I have just read two articles regarding “right” which reactivate my interests on the jurisprudence issue and other related thoughts on some basic civil law issues. The two articles are “Rights” and “Legal Rights“.
Back ten years ago, when I was preparing my graduation paper for master degree, I was intrigued by the finding that a properly structured relationship between right and power can explain many basic legal issues that has puzzled many people in China’s legal arena. But I am not sure whether that could stand to reason, as I didn’t further pursue the study. I have been looking with particular interest and focus for any legal paper addressing the concept “right” and “power”. Fortunately enough, I recent came across your article “rights”. I would embolden myself to advance my thoughts for your comments, if you have time and interest.
To put it short, my finding is that: we can structure the relationship between right and power as: a right= powers + interests, meaning that any right shall comprise powers and the interests stemming from exercises of such powers, subject to laws. A power is an entitlement to perform certain actions. Here, the power is prescribed to be entitlement to actions that can give rise to interests, but the power itself does not have any interest/benefits in it, instead, the exercise of power always carries with it cost and burden. An interest can be a benefit broadly defined so long as it is not against the law. Interest (be either material or moral or spiritual) is an indispensable element of a right because a reasonable human being always acts to increase his or her wellbeing.
With the understanding of right and power presented above, I can better explain some fundamental legal phenomena that have perplexed many legal minds in China and maybe in the west also.
- Agency theory: in China, it seems a great puzzle as to what kind of “force” an agent has in an agency relationship. In fact many scholars in China don’t talk about this issue particularly in the case of agency between individuals simply for the reason that they don’t have an answer to that question.
To me, an agent has the power granted by the principal to act on the principal’s behalf and ascribes the benefits of his agent actions to the principal. That is why we call “power of attorney” not “right of attorney” as a customary usage.
Since an agent needs to exercise powers that cost time, energy and even money, the principal very often needs to pay for the services.
- Trust Theory: also in China, the concept of trust is a freak to many, unable to be constructed under Chinese laws, esp when it comes to a trust involving real properties. In fact, there is no trust involving real estate in China so far.
To me, a trust is a variant of an agency whereby the principal gives out (authorizes indeed) both the powers and interests (in his property rights, the properties underpinning the trust) respectively to the trustee and the beneficiary thereunder. By “giving out”, I am not saying the principal/trust settlor has forsaken or alienated such powers and interests, but authorized the trustee and beneficiary to wield the power and enjoy the benefits. The settlor has the right to dissolve the trust and take back the powers and benefits.

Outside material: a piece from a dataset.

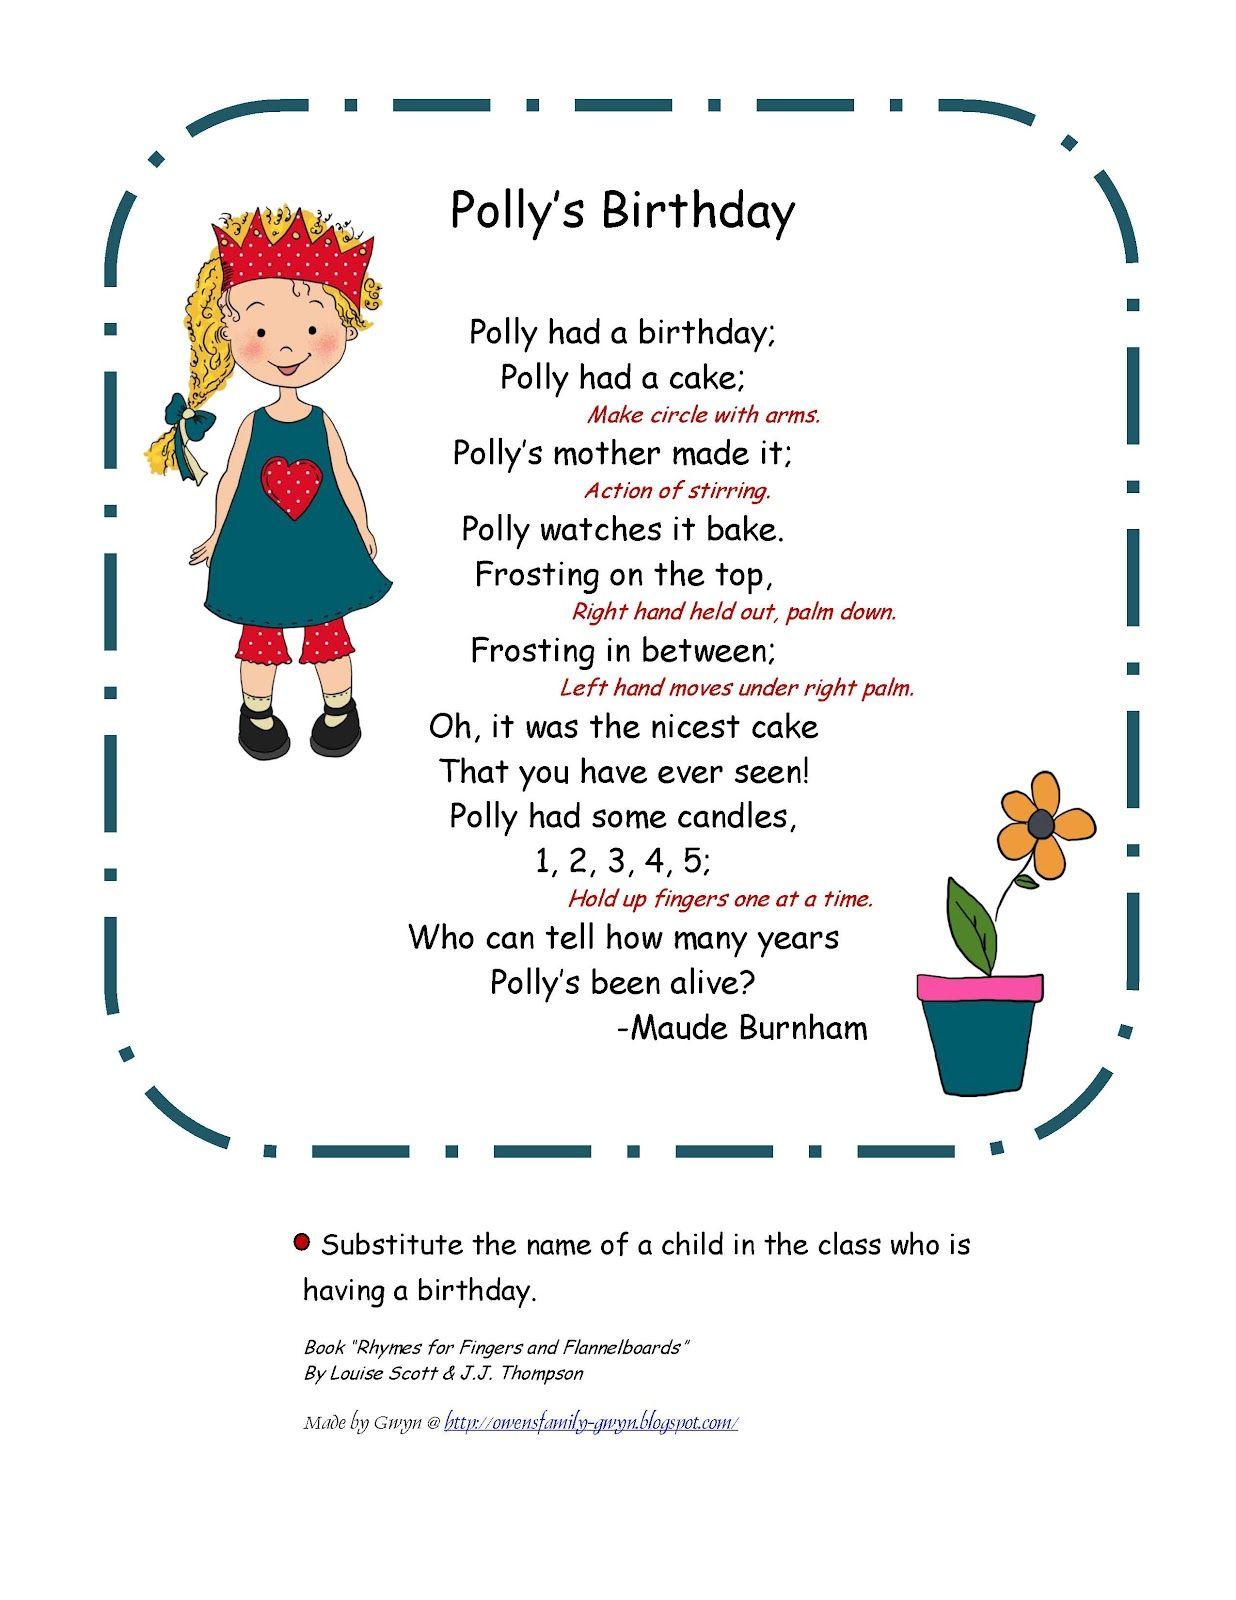 preschool printables polly 39 s birthday poem misc kindergarten poems birthday poems. Black Bedroom Furniture Sets. Home Design Ideas

When it comes to real property, so far as I know, in UK, the dual ownerships (beneficiary and legal) are popular in explaining trustee ownership in the entrusted properties. But indeed, the settlor shall still hold the legal ownership right in the properties and the trustee has the powers of those ownership rights only. Trustees don’t have ownership rights because they are not entitled to the interests flowing out of their management of the trust. In a well setup registration system, such ownership rights and powers can be easily and clearly identified.
- Corporate theory: as in the case of trust, corporate theorists have confusing theories in explaining corporate structures. This issue is particularly cute in China as it involves not only the understanding of the right and power relationship, but also the legal personality doctrine.
It is my understanding that a company (limited or unlimited) is a legal person (meaning having the legal personality at law) and it is the agent of all shareholders (as a group where the group has a single collective will deprived from the shareholder meeting). As against shareholders, a company does not have any right but the powers of those rights held by the shareholders. Shareholders agree to set up a company by authorizing the company to manage the properties/assets initially contributed by and later on cumulated for, the shareholders, but the benefits of corporate operations don’t belong to the company as the companies have to distribute their profits to shareholders and in this sense, a company has powers only, no rights.
On the other hand, a company, as against non-shareholder third party, can be held as a “right-holder” whereby they collect the benefits/interests of business operations.
In essence, it is my opinion that a company is an agent of its shareholder(s) as in the case of ordinary agency with variants.
With the newly prescribed relationship between right and power, we are now able to more clearly and better explain some of the most basic legal issues as listed above.
These issues are particularly confusing in China because in China the word “power” (translated into “权力”) is always thought to be of a public nature, in other words, a power is always held by public organizations such as the state and the government. The concept of private power seems impossible to fit in legal discourses in Chinese legal community. I used to talk to a law professor about my ideas above, and he apparently frowned upon such heretical ideas.
I welcome any of your comments on the ideas exhibited above.